1) Stand / sit in your garden or look out of your window for one (specified) hour.

2) Note down all the species of birds you see or hear. (Native birds please, chickens and cockatoos don't count).

3) That's it. The person with the most bird species on their list after an hour wins.

So I'd like to challenge you all to a Back Garden Bird Race this Saturday 4 April between 10-11am.

If you can spare an hour I'd love you to join in. It's not so much about who wins - it's the taking part.

So who's with me? In these isolated times it'd be reassuring to think of all the people - individuals, families, children - across the county (and elsewhere) out birdwatching in their gardens / from their windows at the same time.

Sure, you probably wont beat me and my extensive ornithological expertise - but it would warm my heart to know that you tried - and I'd love to know what bird species you saw - even if it is just two Herring Gulls and a Starling.

It'll probably be easist to run this challenge on the Sussex Wildlife Trust Nature Table page.

I'll put a post up there today (Friday) and you can leave your results in the Facebook 'comments' section when we 'go live' between 10-11 on Saturday (if you don't have/like Facebook you can leave your results in the comments below this blog post).

Bird Race Banner

It was so much fun today to get out for a Back Garden Bird Race and really focus on something other than the news. I really felt engaged and relaxed for the first time this week and... well, let me tell you all about it...
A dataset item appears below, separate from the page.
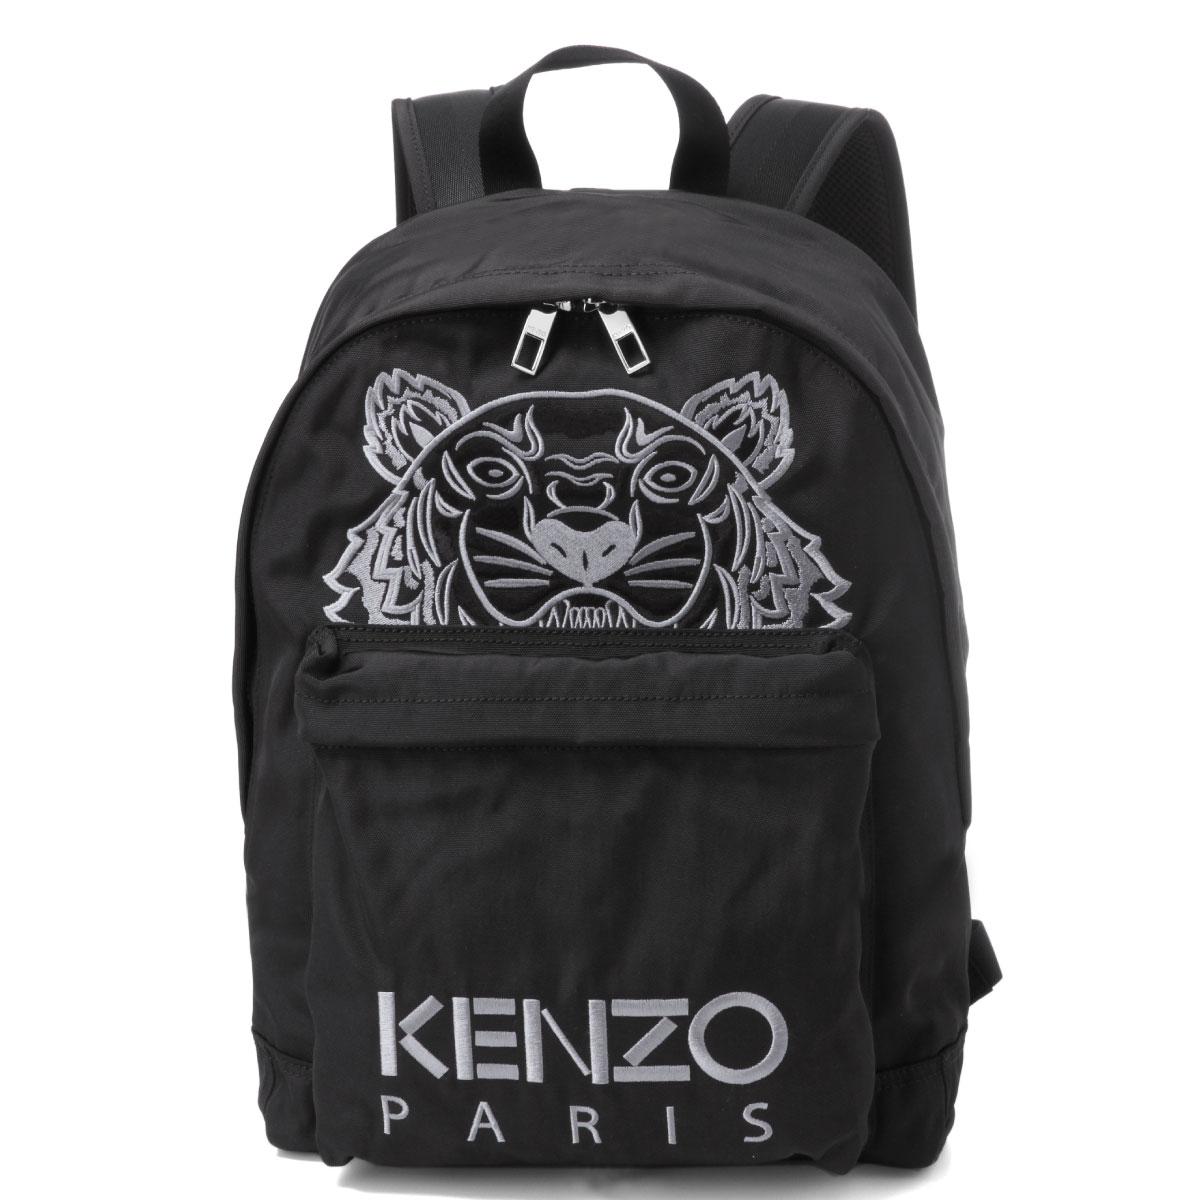 85938131e93 importshopdouble: Kenzo KENZO bag lady 5SF300F20 99 backpack large ...

The Back Garden Bird Race: Sussex vs North London

Just before the start of this hour-long challenge I thought I’d get outside to warm up – stretch my eyes and ears in preparation for the big match. Just as I reached for the patio door handle I froze…there were a pair of Bullfinches in the willow! I don’t often see them in the garden so this was a real treat. But if they could just hold on for 5 minutes I could add them to my bird race list. Sadly, they both flew off at 09:58 and never returned. Damn.


(the male Bullfinch that didn't want to take part in my bird race)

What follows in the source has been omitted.